The Java reference implementation OpenJDK/HotSpot is interesting because its runtime combines a just-in-time compiler with an interpreter. By default, it interprets byte code with an interpreter written in C++. But if the same code is executed often enough, it compiles that part of the code directly to machine code. Depending on how important that code is, HotSpot spends more effort on optimizing the machine code. This allows Java to be as fast as C in some benchmarks. CPython is very simplistic in comparison.
There is (was?) a Python implementation called Jython that was written in Java. Jython works by compiling the Python code to Java byte code. That byte code is then handled by the Java virtual machine, which either interprets it or compiles it on the fly to machine code, as discussed above. Because the Java runtime is awesome this could make that Python code run very fast, in some circumstances. But the added complexity also comes at a cost. Additionally, Jython is not compatible with Python modules that need to interact with internal CPython data structures.
what i know is , in cpython when we run a code then its first compiled into byte code and the cpython interpreter( which is written in c interprets it) interprets the byte code and converts it into machine code.
No, it doesn't "convert it into machine code." That would be a compiler, not an interpreter.
A compiler is a program which takes a program written in Language A and converts it into a semantically equivalent program written in Language B.

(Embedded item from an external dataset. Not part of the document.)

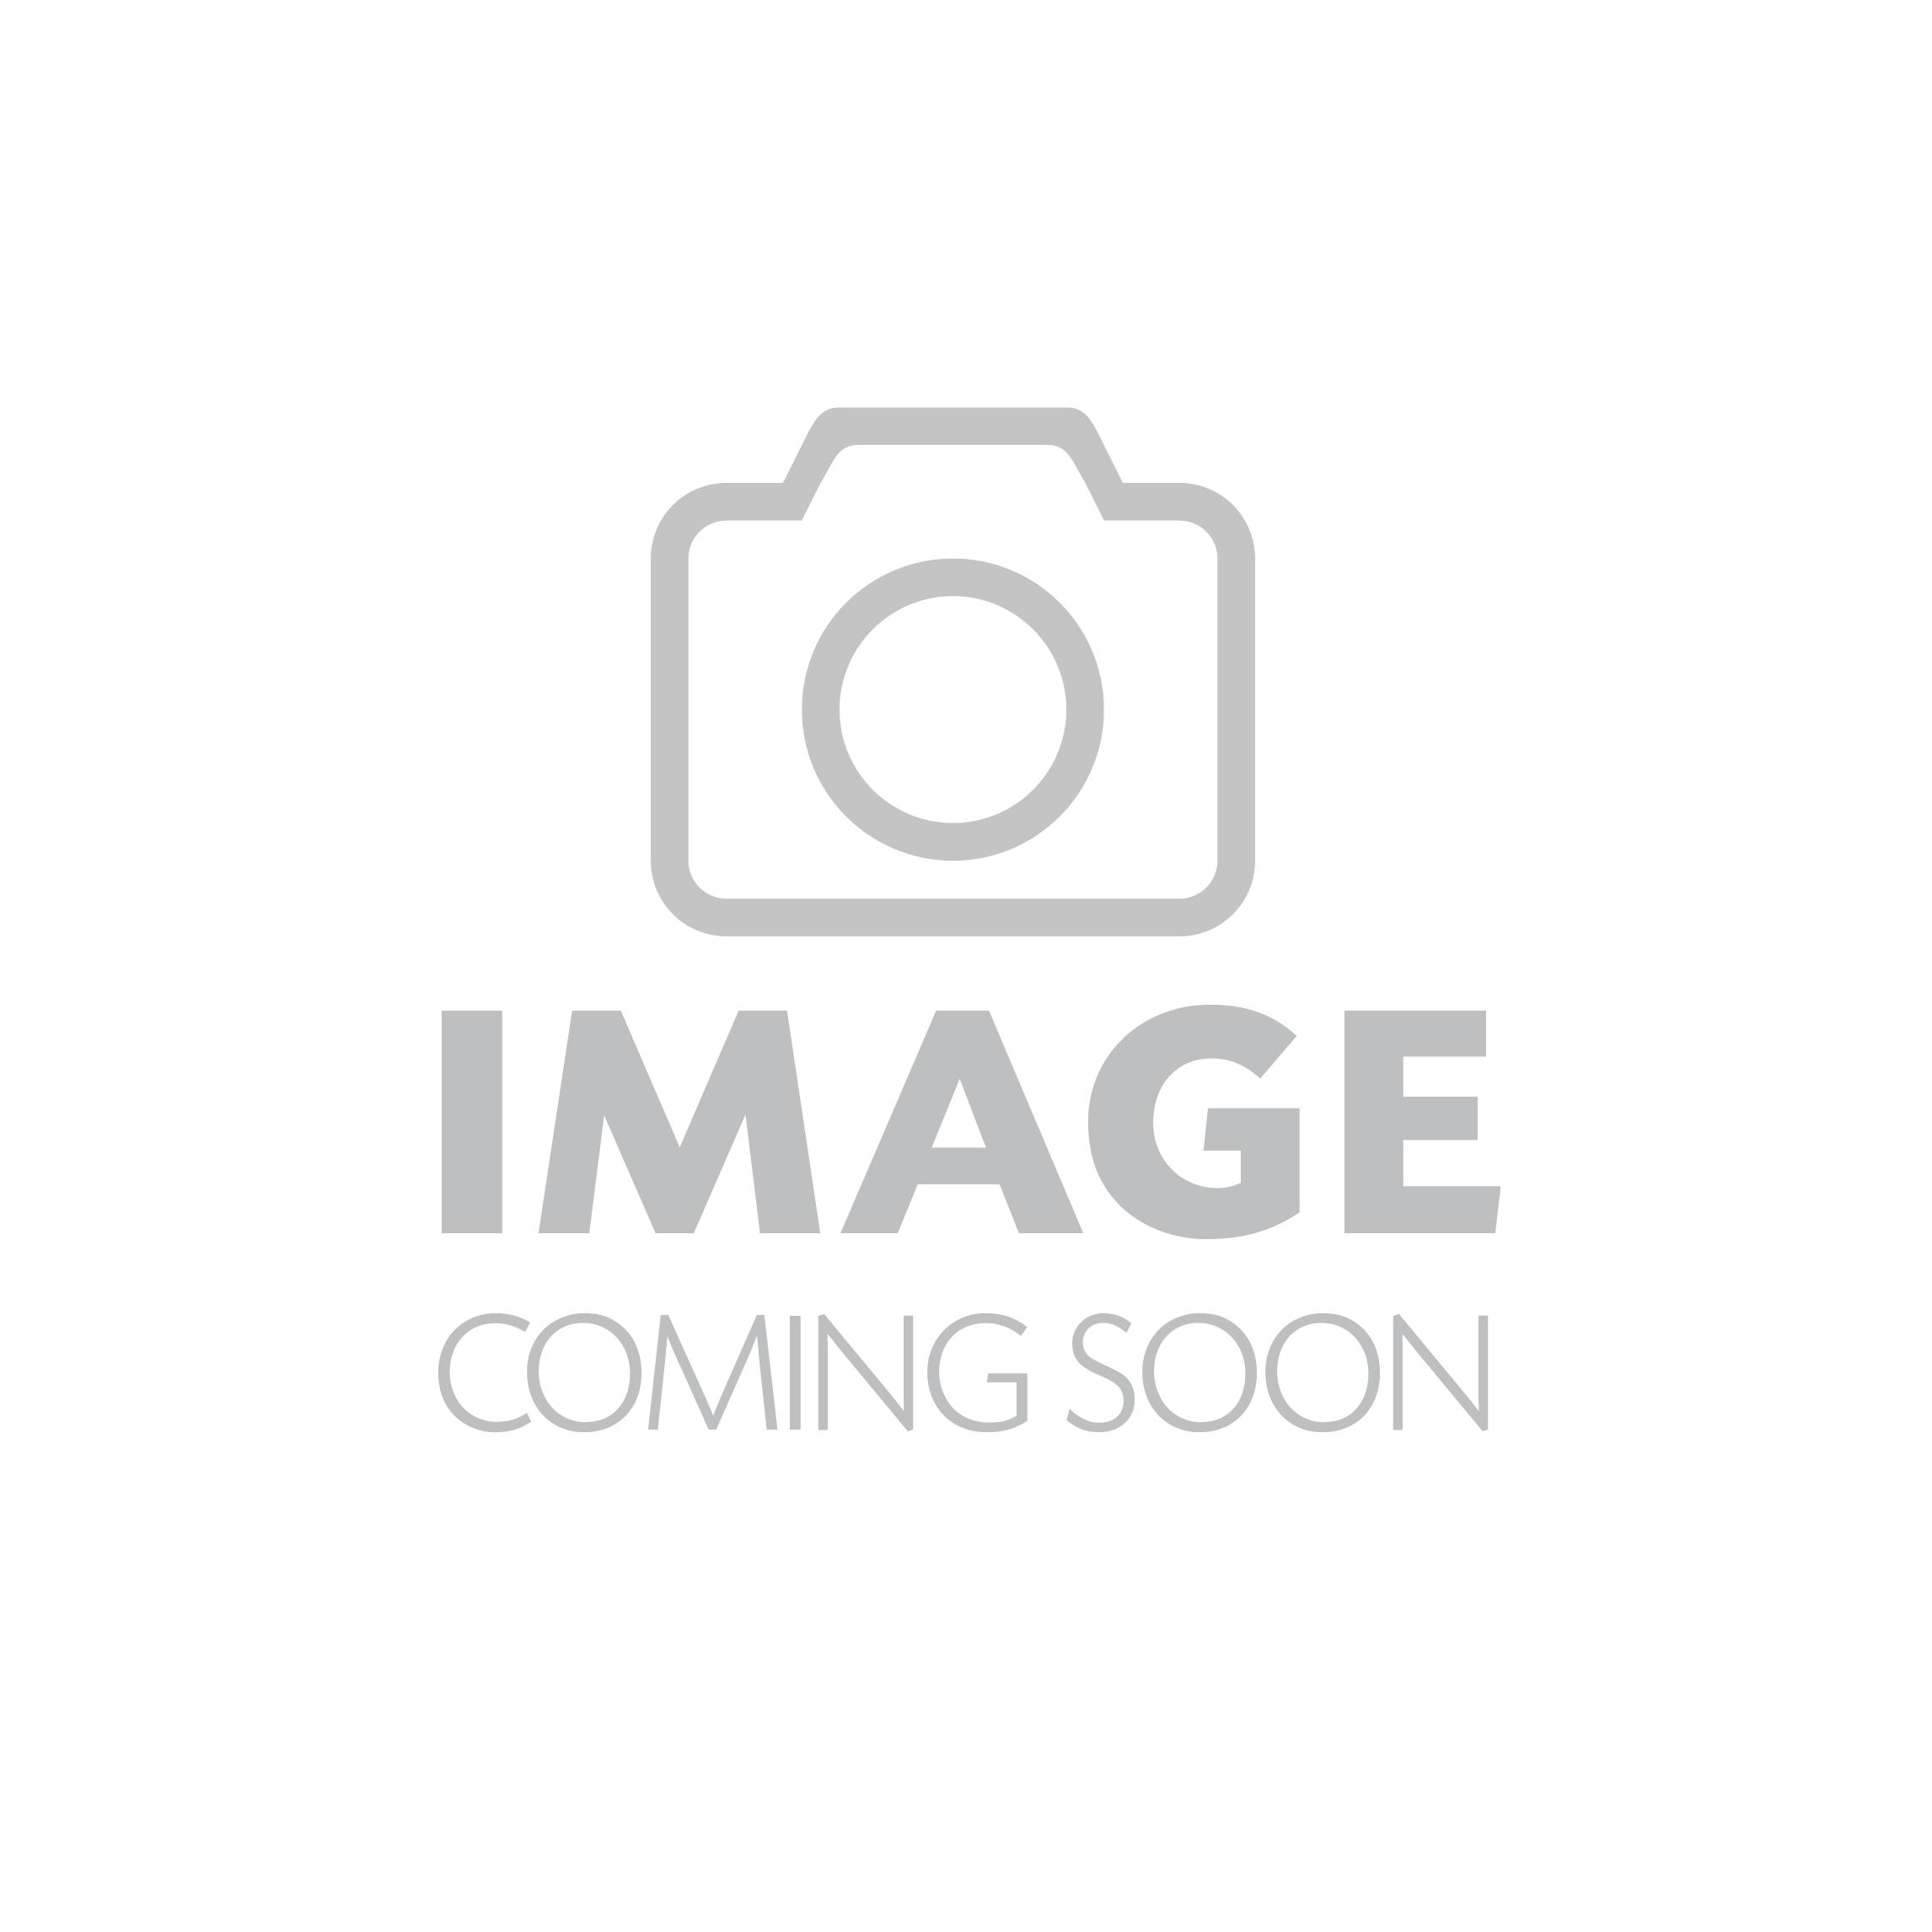 Crete 800mm Wall Hung 2 Drawer Vanity (Grey Avola) with Worktop

An interpreter is a program which takes a program written in Language A and runs it.
Does that mean the byte code is represented as c code by the interpreter and then its carried out as c code ?
It's not clear what you mean by that. CPython is written in C, so in some sense, at some point, the byte code will be represented by some sort of C data structure, even if just as a byte[]. So, in some sense, there is some sort of representation in C.
what exactly does it mean when we say python interpreter is written in c/java? how do they differ in their process of converting byte code into machine code?
They don't convert byte code into machine code.
Again, an interpreter doesn't convert. It interprets.
A compiler converts.
Maybe you are confused by the standard English meaning of interpreter which is a person that translates from language to another language in real time. That is not what is meant when we use the term interpreter in programming.
Words can have different meanings in different contexts, the same word can mean different things in "general" English and in Programming Jargon.
what exactly does the interpreter do with the Byte code?
The simplest answer is: it runs it.
For example, if you have an ADD byte code whose semantics are that you take the two values on top of the stack, add them, and put the result back on the stack, the byte code interpreter will then do exactly that: it will take two values from the stack, add them, and put the result back on the stack. (Assuming we are using a stack-based VM, which I believe CPython does.)
I wrote a little bit about the differences between interpreters and compilers in my answer to the question Understanding the differences: traditional interpreter, JIT compiler, JIT interpreter and AOT compiler, in case you are interested.